BEGIN AVAILABLE DATA

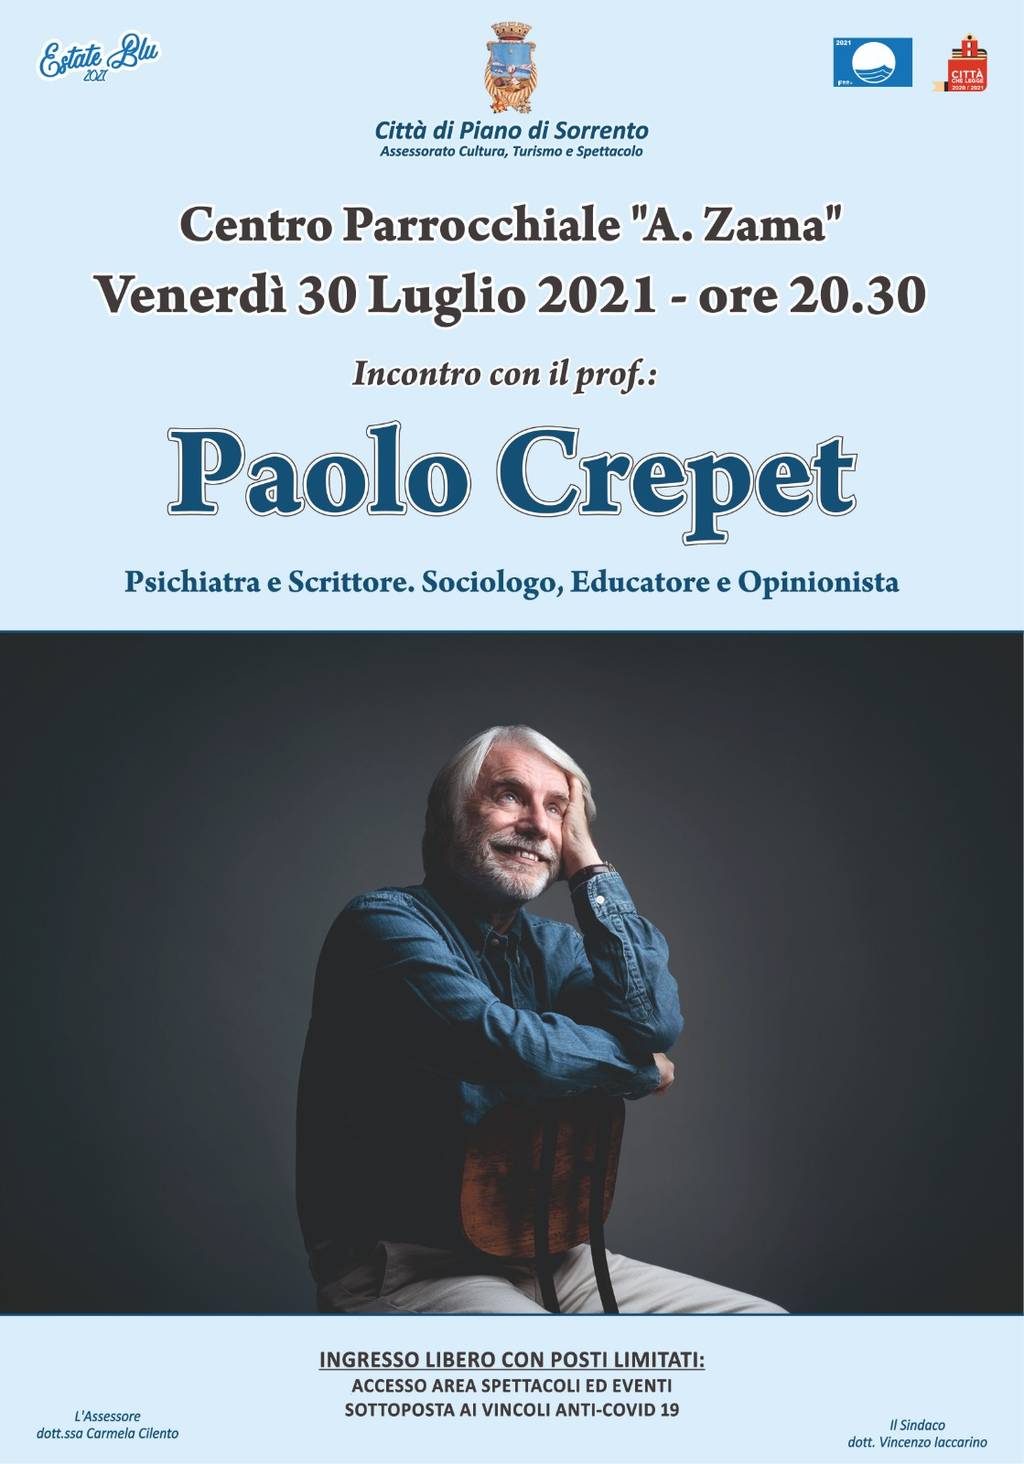 Meeting with Paolo Crepet
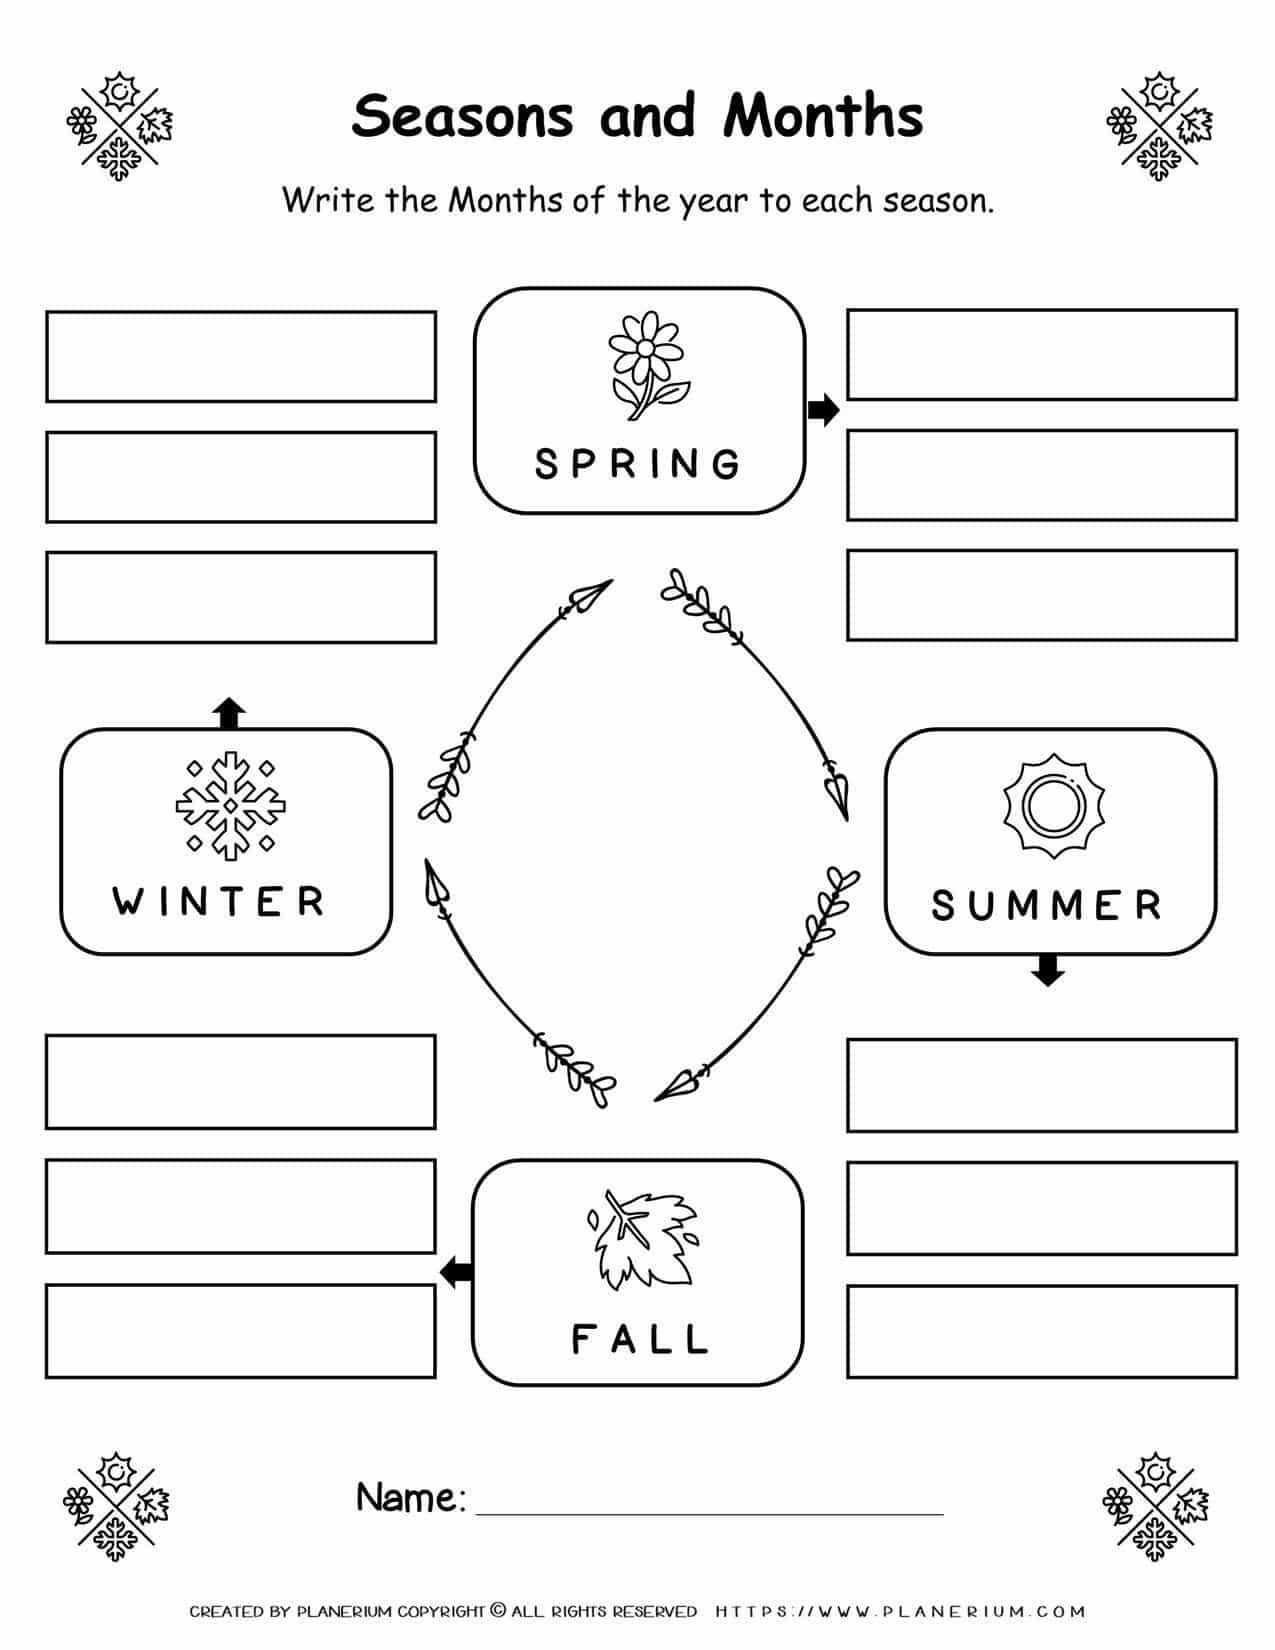 Four Seasons Of The Year And Their Months | Planerium
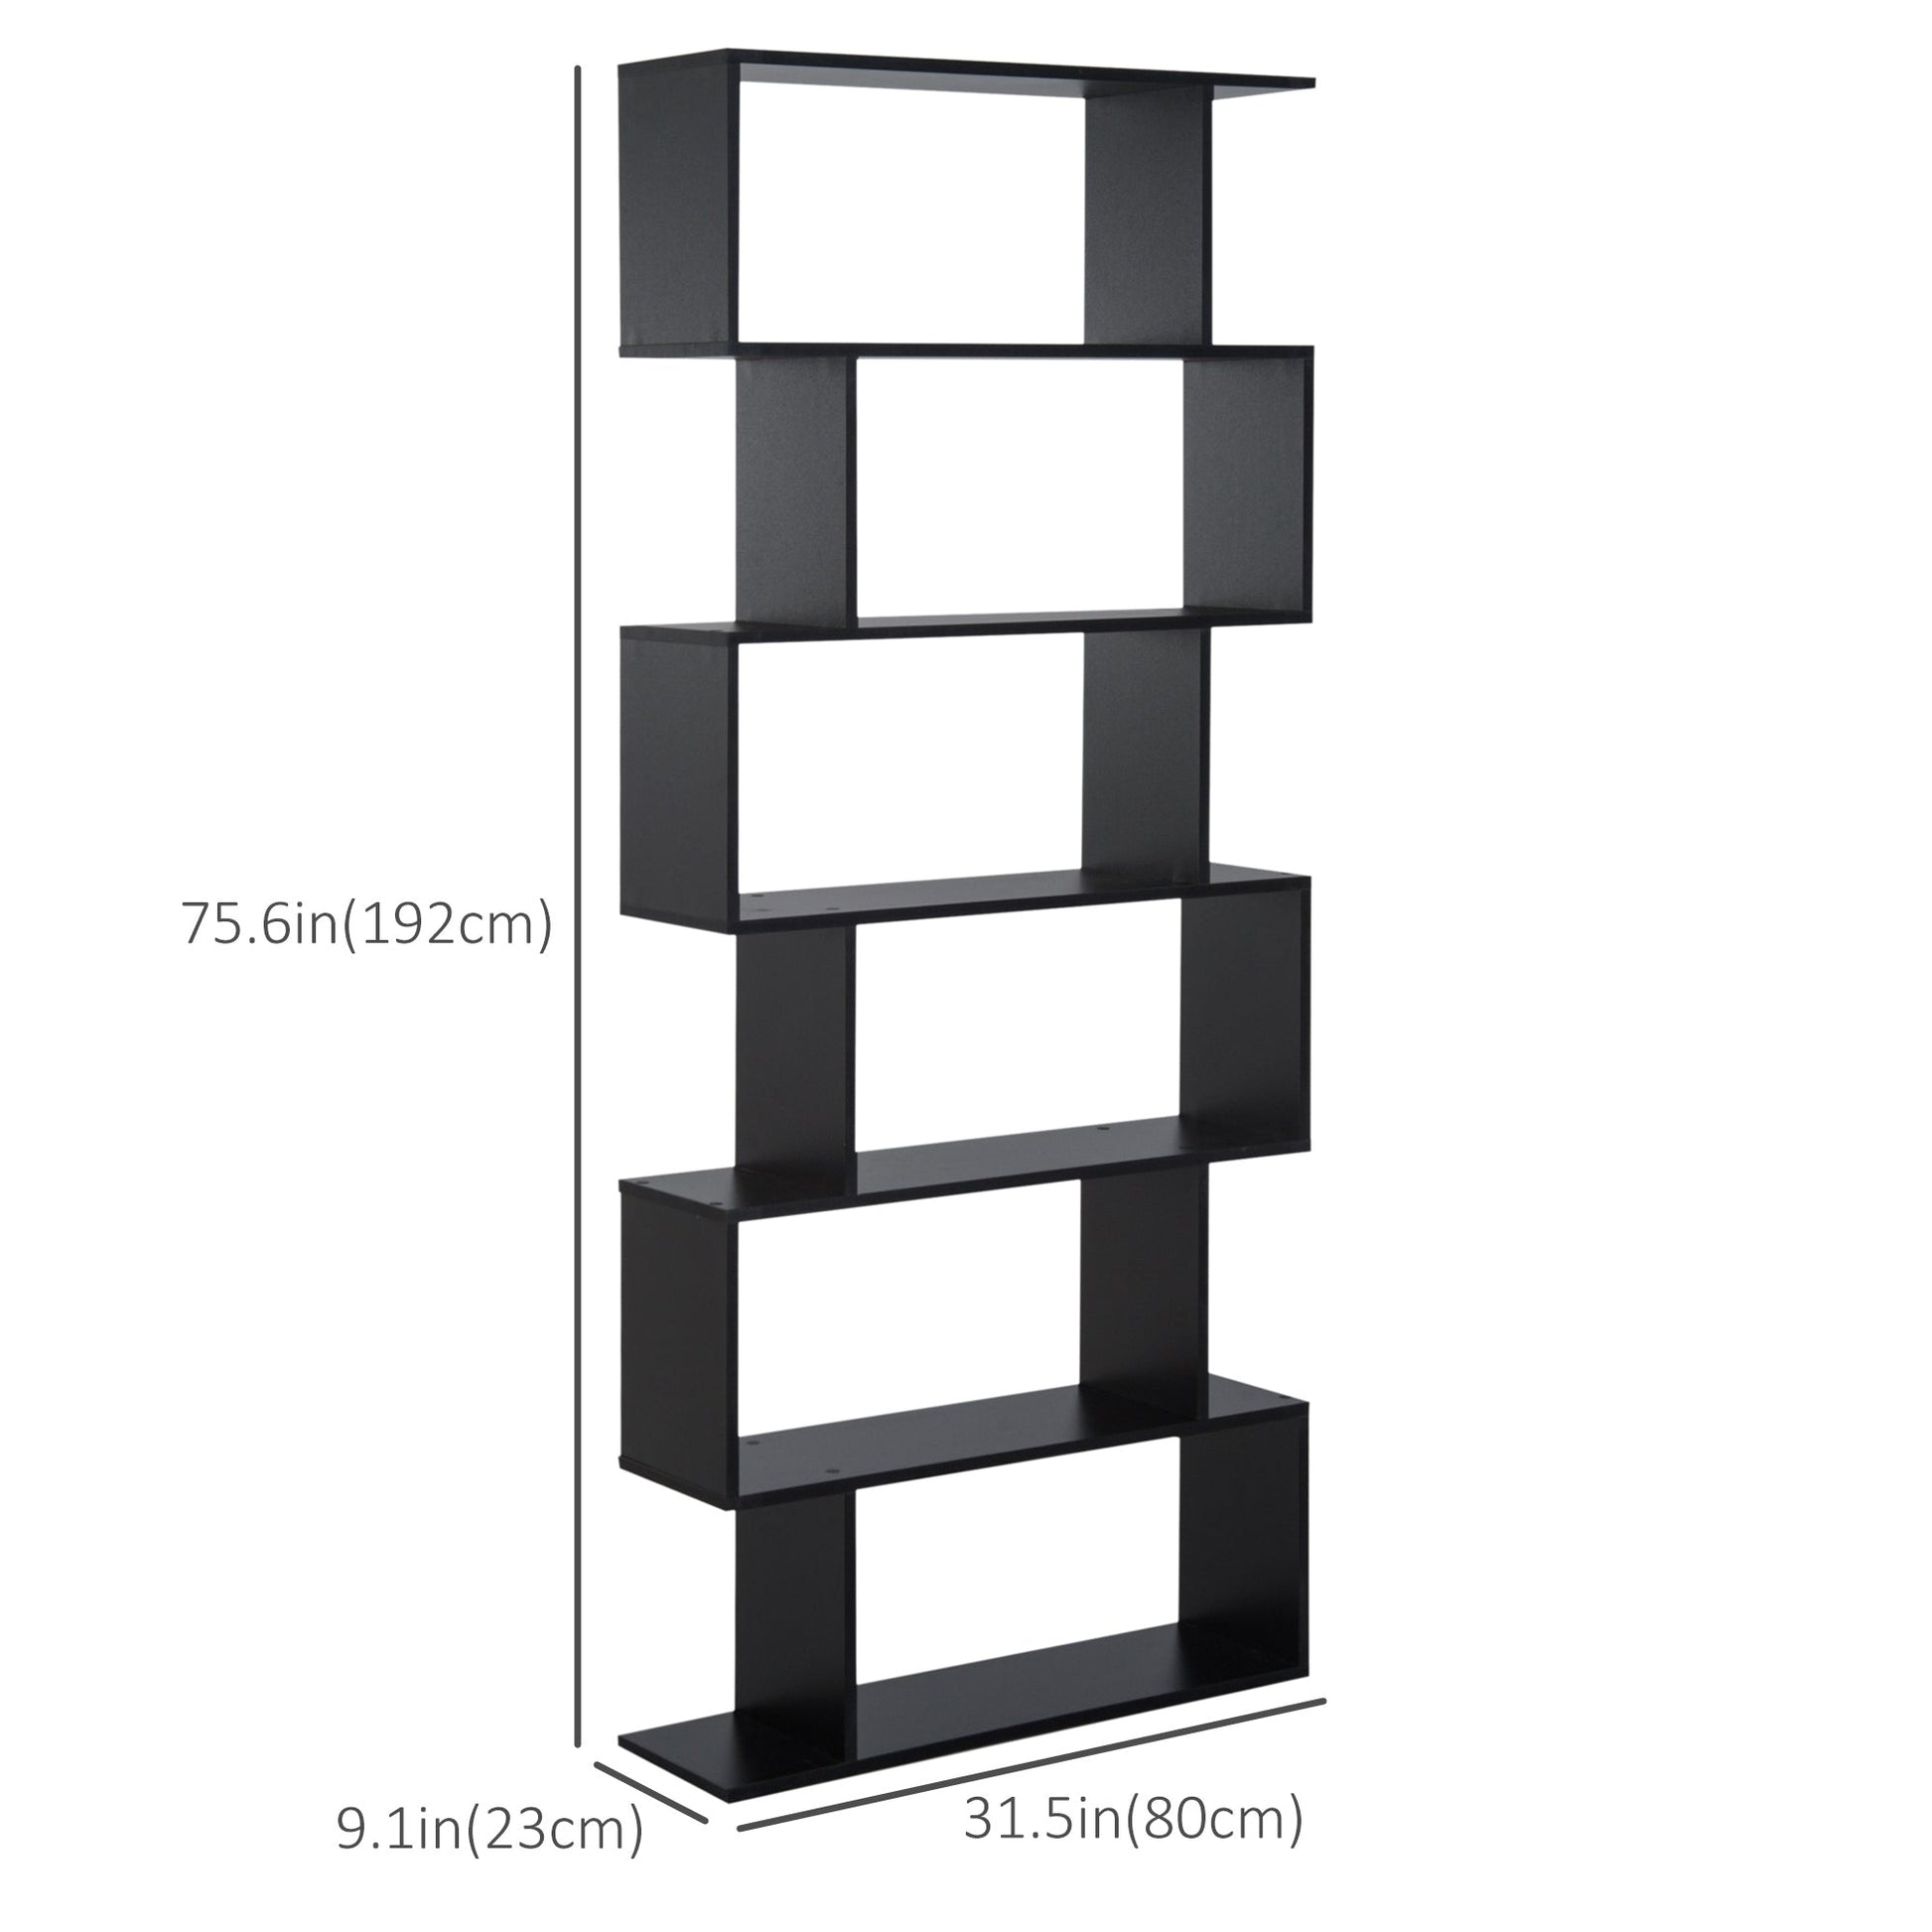 76" 6-Tier Wooden Bookcase S Shaped Storage Display Shelf Modern Bookshelf Open Concept Living Room Home Office Furniture, Black - Gallery Canada

END AVAILABLE DATA

TASK REQUIREMENTS:
Each line of the data must be transcribed exactly; pictures are not carried over.

SOLUTION BELOW:
 Meeting with Paolo Crepet
 Four Seasons Of The Year And Their Months | Planerium
 76" 6-Tier Wooden Bookcase S Shaped Storage Display Shelf Modern Bookshelf Open Concept Living Room Home Office Furniture, Black - Gallery Canada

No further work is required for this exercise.